If you look across the board, it was mostly tech that held ground, whereas financials, industrials, energies, and much of healthcare pared back. Underpinning tech has been the strength across Treasuries, or lower yields.
Yesterday, we discussed how the Fed tacked on $92 billion to their balance sheet in the week ending May 19, and tomorrow we get data for the week ending today. While this is a major factor supporting Treasuries, smaller auctions of late have also helped. Furthermore, the Fed’s persistently dovish rhetoric itself hasn’t only been supportive, it’s also been right.
It would seem we’re in the midst of this feared rise in inflation, and it isn’t so bad; on the recent hot CPI data, there were, in fact, transitory components such as used car and truck sales. Real inflation, the type that hits our pockets, has already been here and rates priced this in over the last 6 months. Remember, we were steadfastly bearish on the Treasury complex beginning last October and through the end of February.

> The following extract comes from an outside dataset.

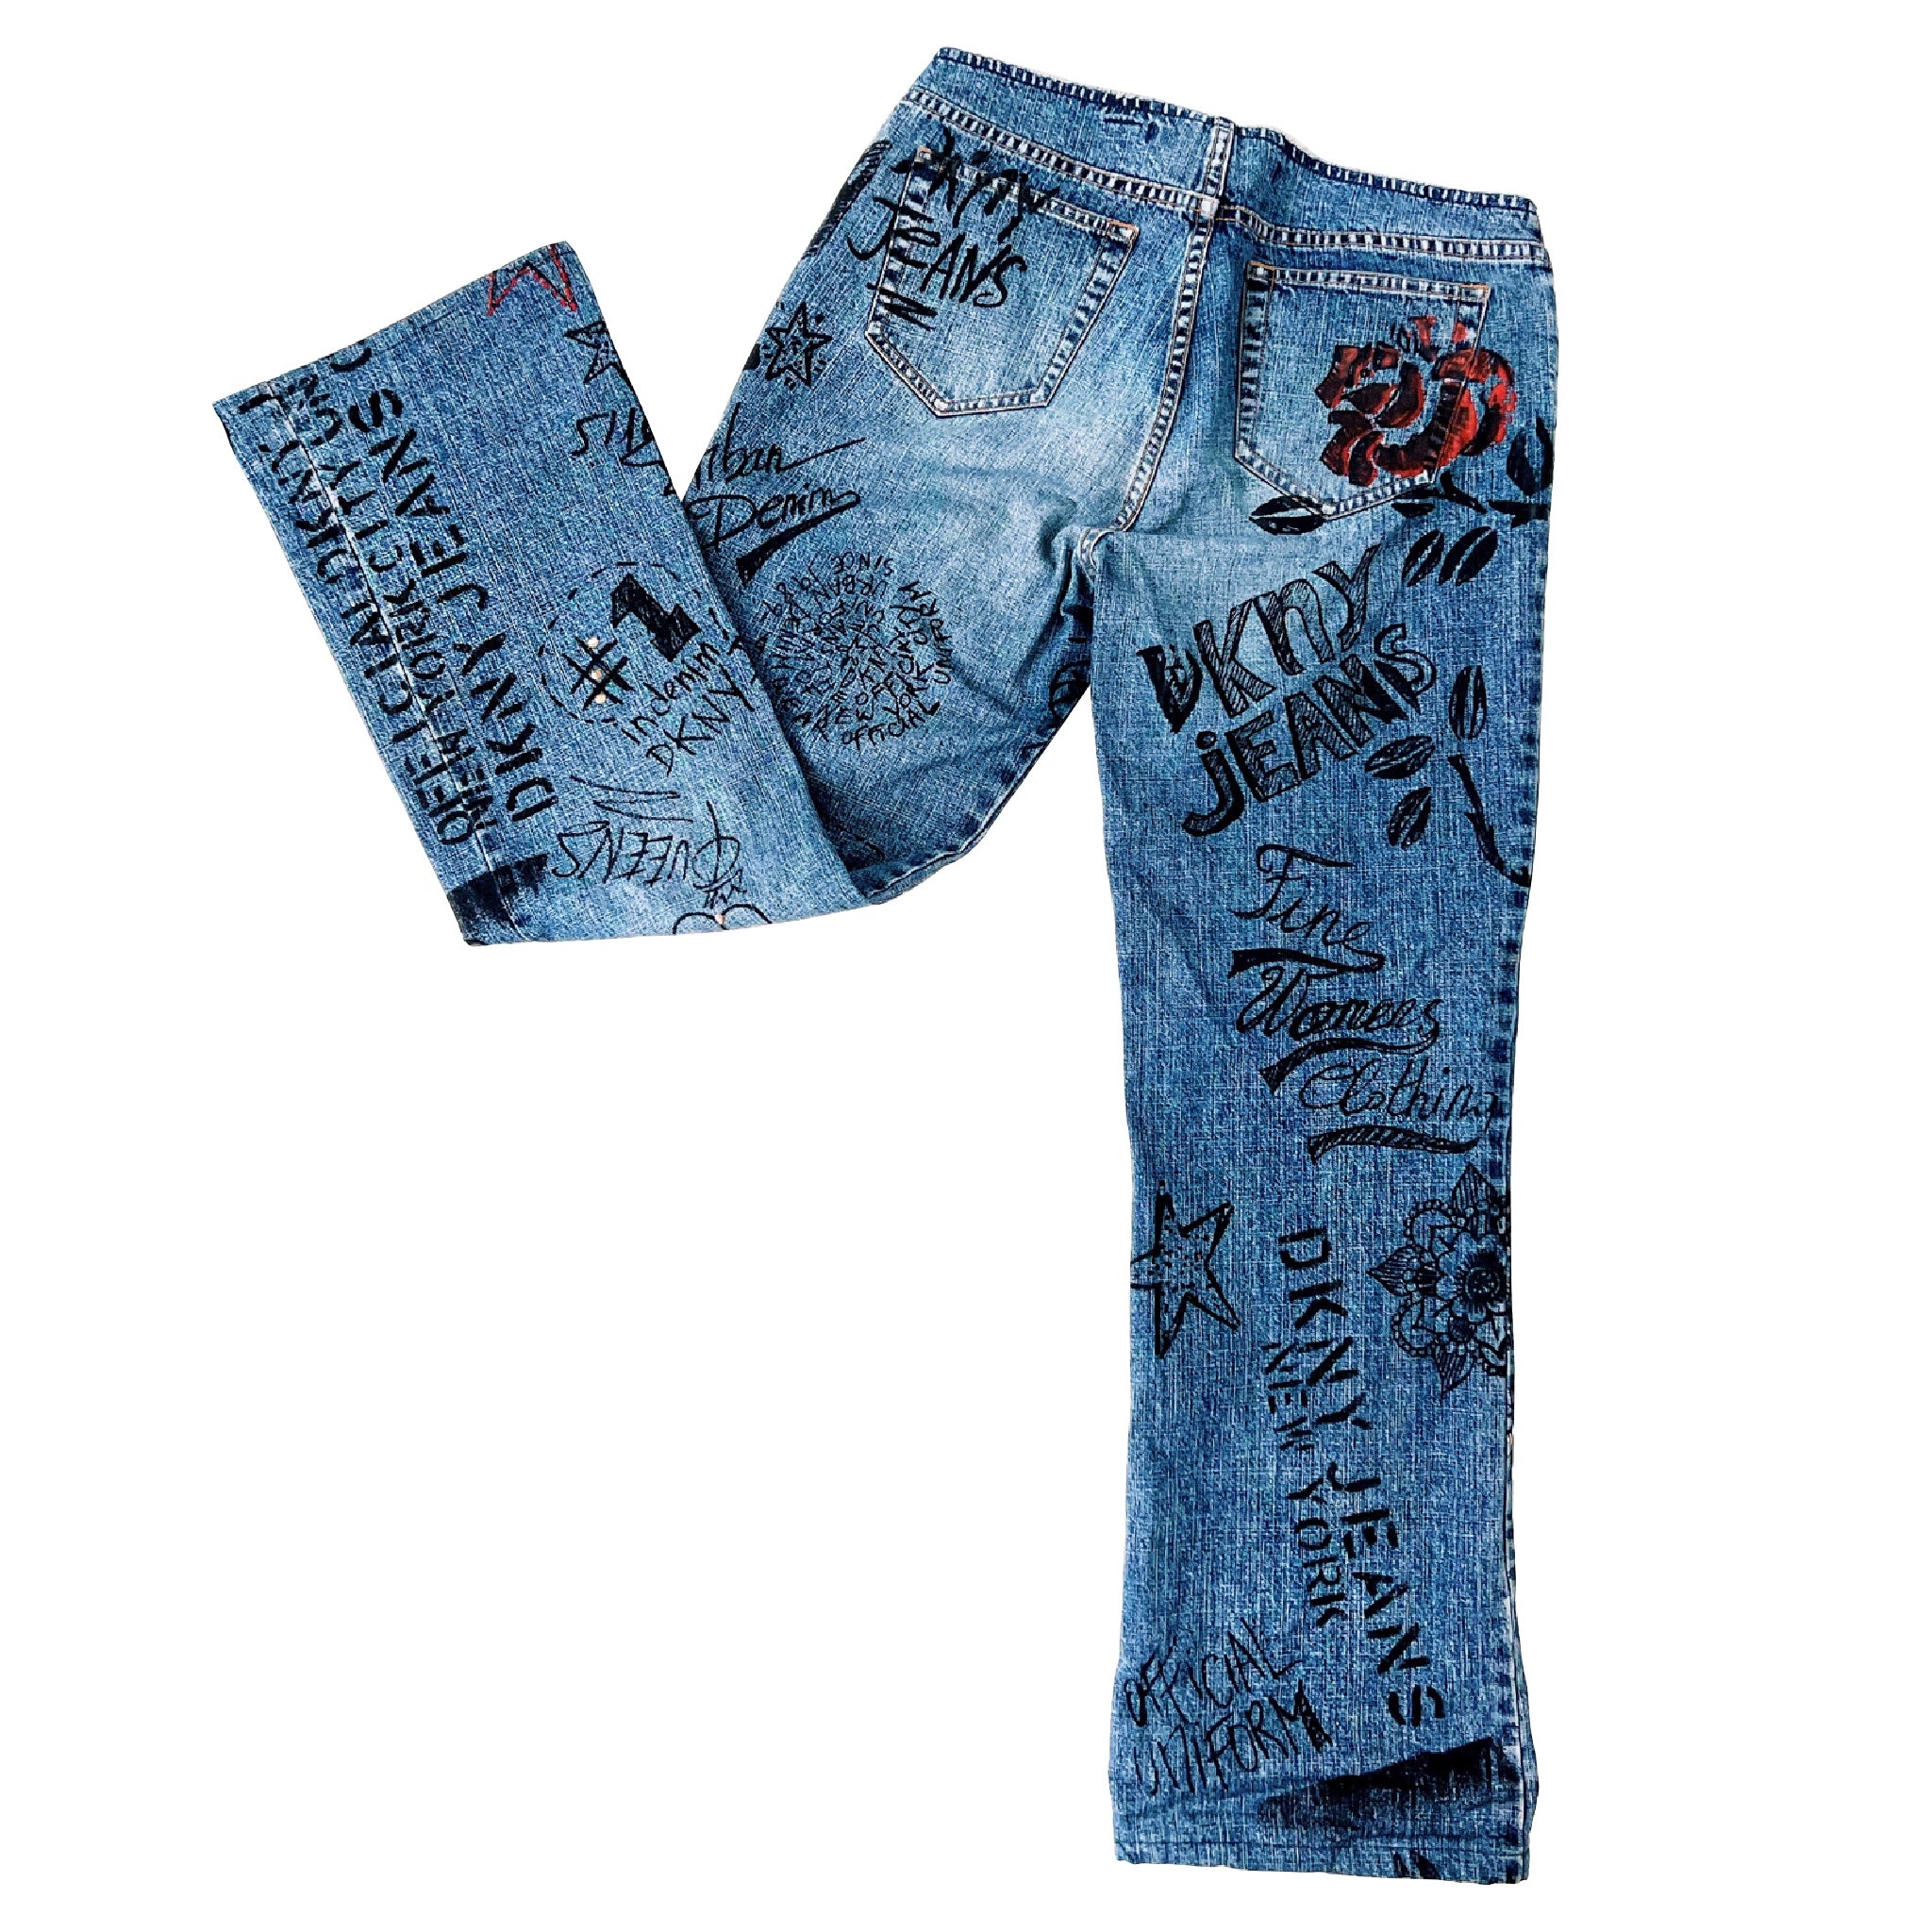 DKNY Graffiti Jeans (S)

Yesterday’s soft Consumer Confidence data and a continued dovish stance from Fed officials this week has further buoyed Treasuries.
Today’s calendar is rather quiet, but we look to comments from Fed Governor Quarles at 9:00 a.m. CT and 2:00 p.m. CT, along with a 5-year Treasury auction at noon. Tomorrow will prove pivotal with the second look at Q1 GDP and the hated 7-year auction, but the week culminates into Friday’s Core PCE data, which is the Fed’s preferred inflation indicator.